=== Begin Enclosure ===

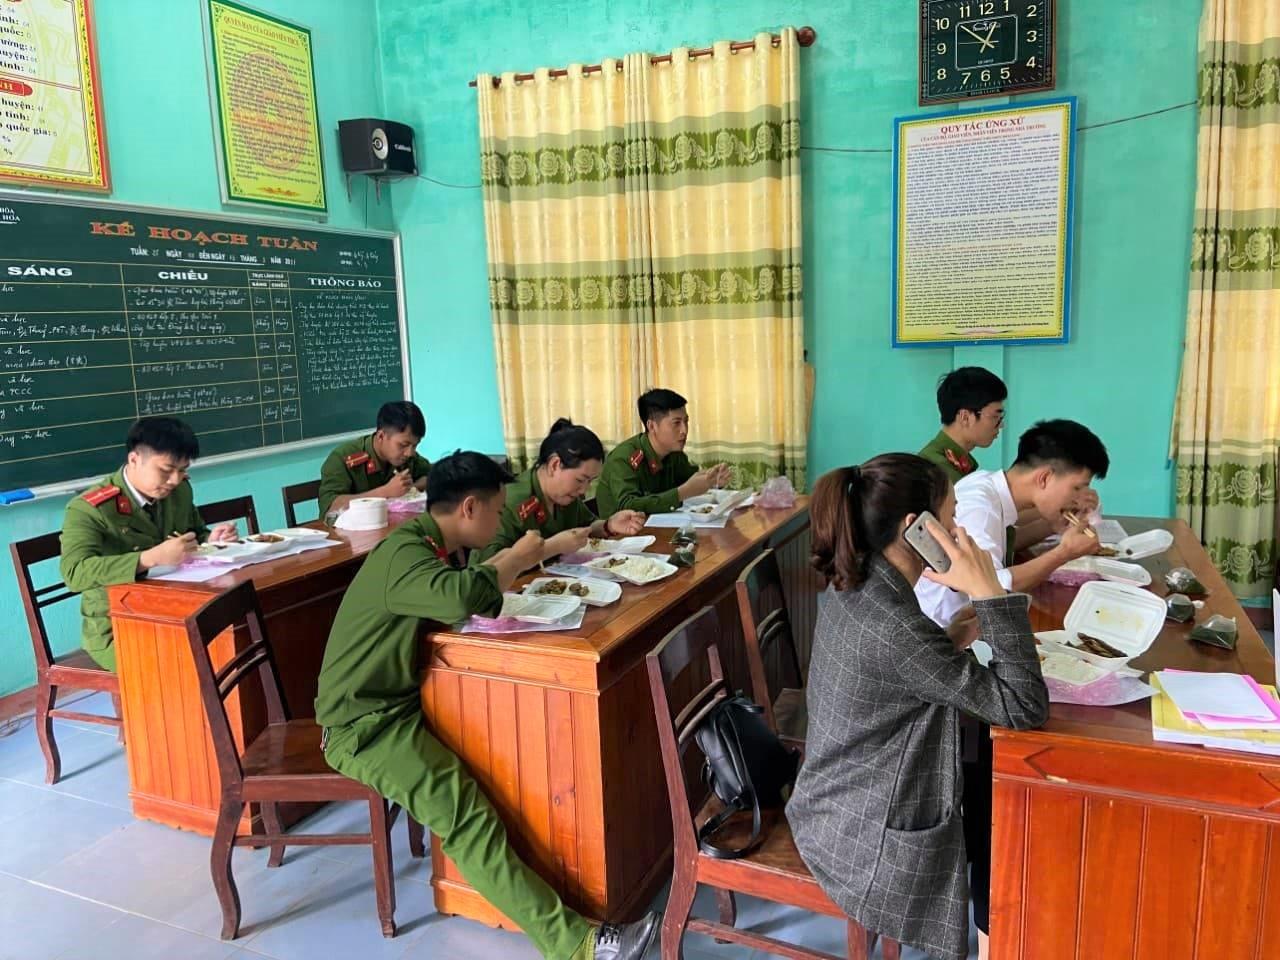 Bữa cơm trưa vội vàng của các chiến sĩ công an huyện... trong những ngày cao điểm làm thẻ căn cước công dân cho Nhân dân trên địa bàn huyện. căn
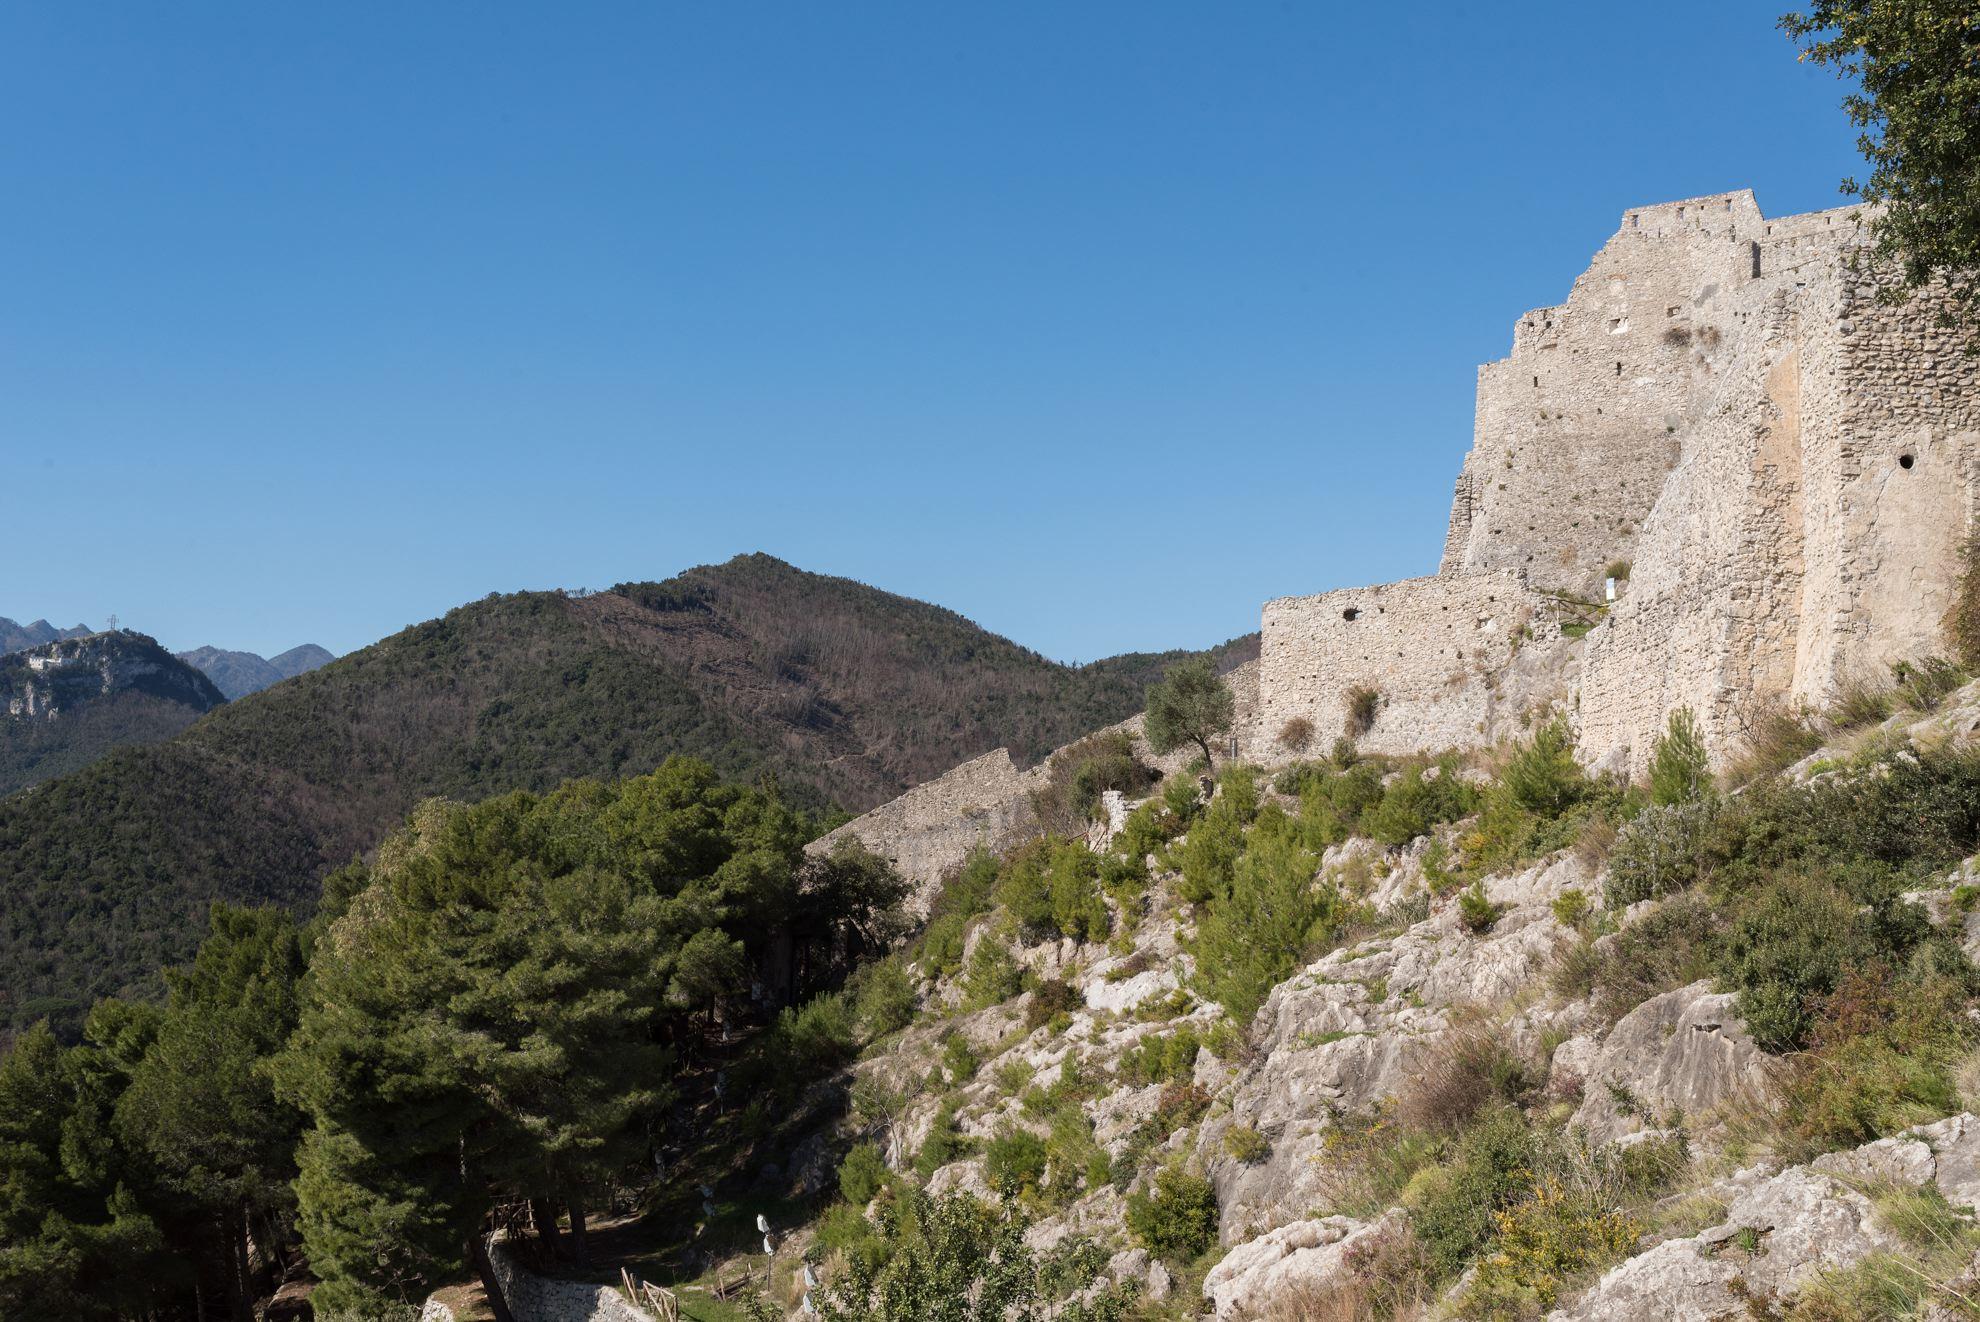 Da sinistra: Monte San Liberatore, Monte Saragnano e Castello di Arechi | Ph. Flaviana Frascogna - Trentaremi
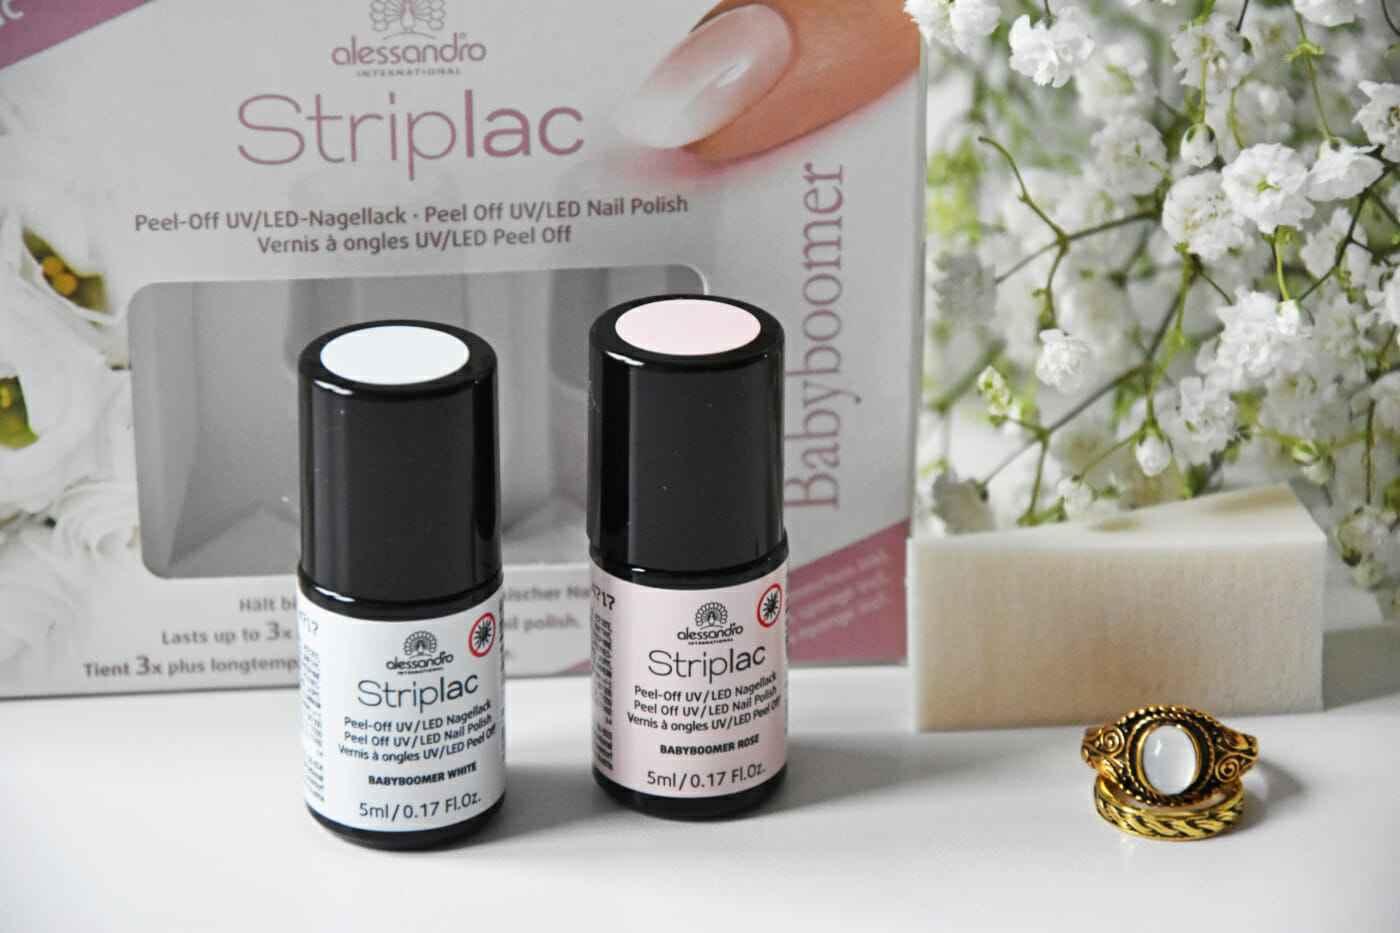 striplac babyboomer set nail nail polish
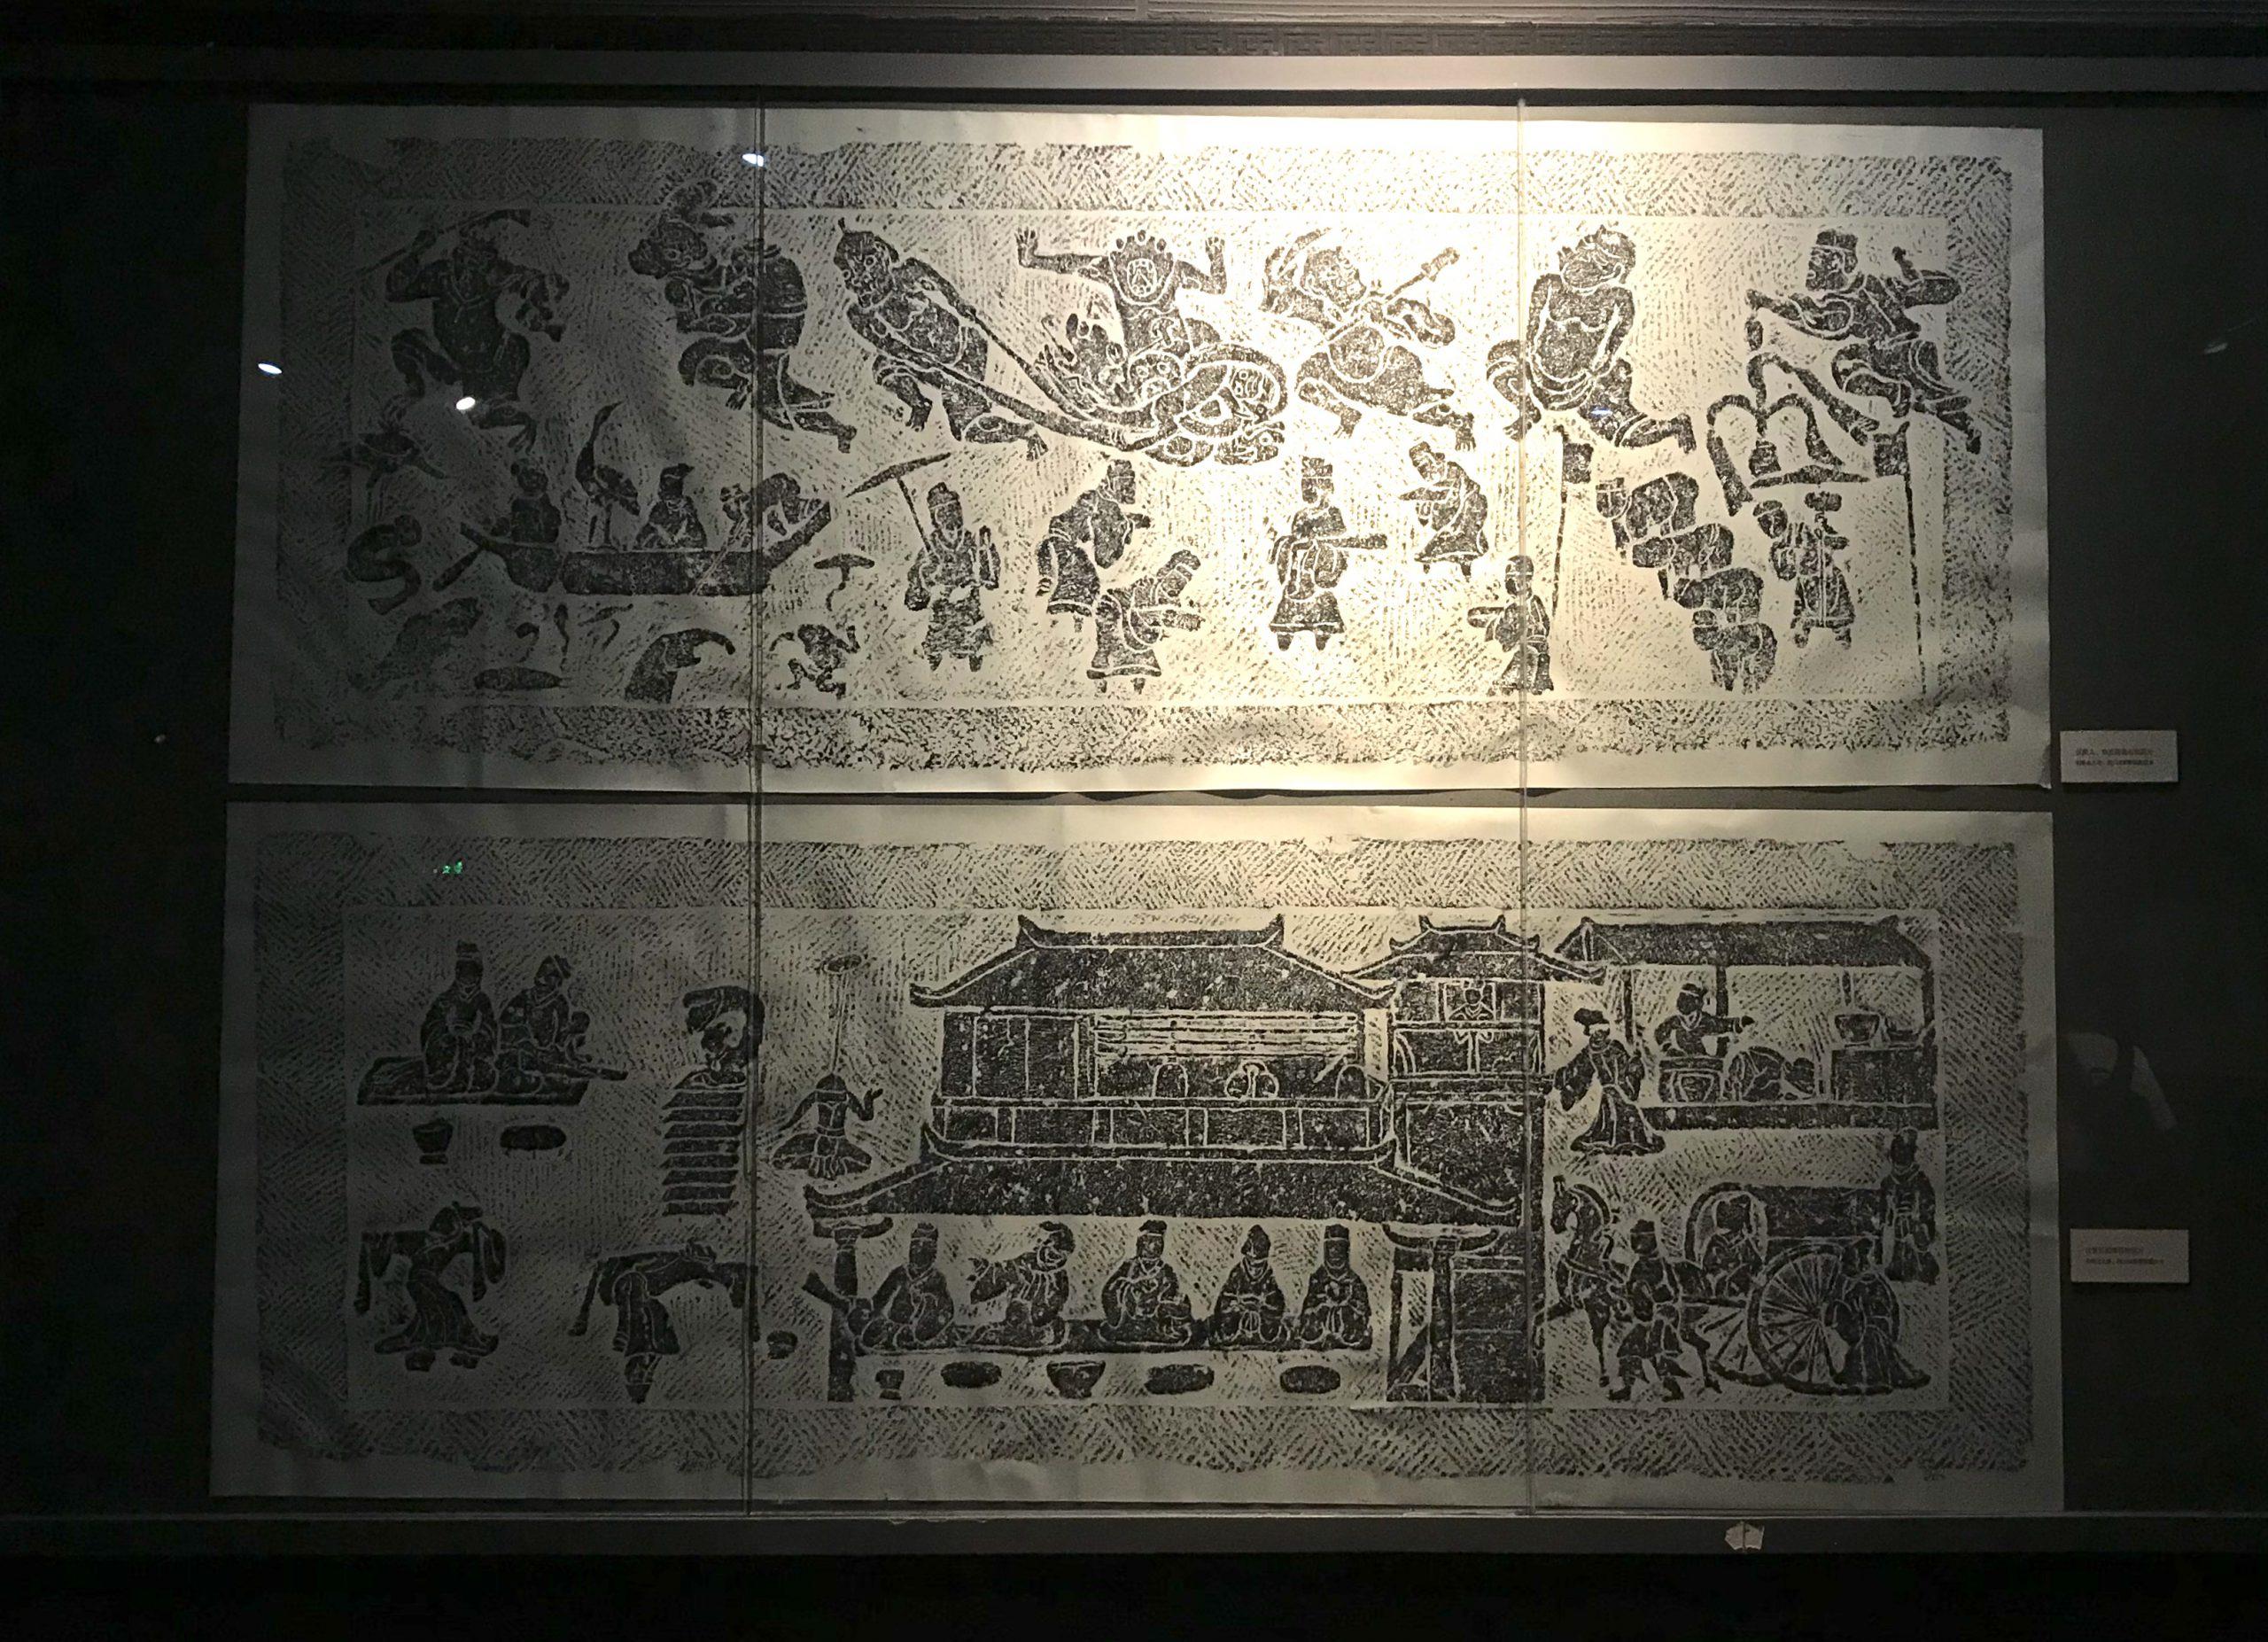 宴飲百戲図石棺-東漢-郫県新勝出土-四川漢代陶石芸術館-四川博物院-成都

=== End Enclosure ===

#### [TASK DIRECTIONS]
With pictures omitted, reproduce exactly the lines from the line containing "Da sinistra: Monte" through the end of the data above.

#### [ANSWER]
 Da sinistra: Monte San Liberatore, Monte Saragnano e Castello di Arechi | Ph. Flaviana Frascogna - Trentaremi
 striplac babyboomer set nail nail polish
 宴飲百戲図石棺-東漢-郫県新勝出土-四川漢代陶石芸術館-四川博物院-成都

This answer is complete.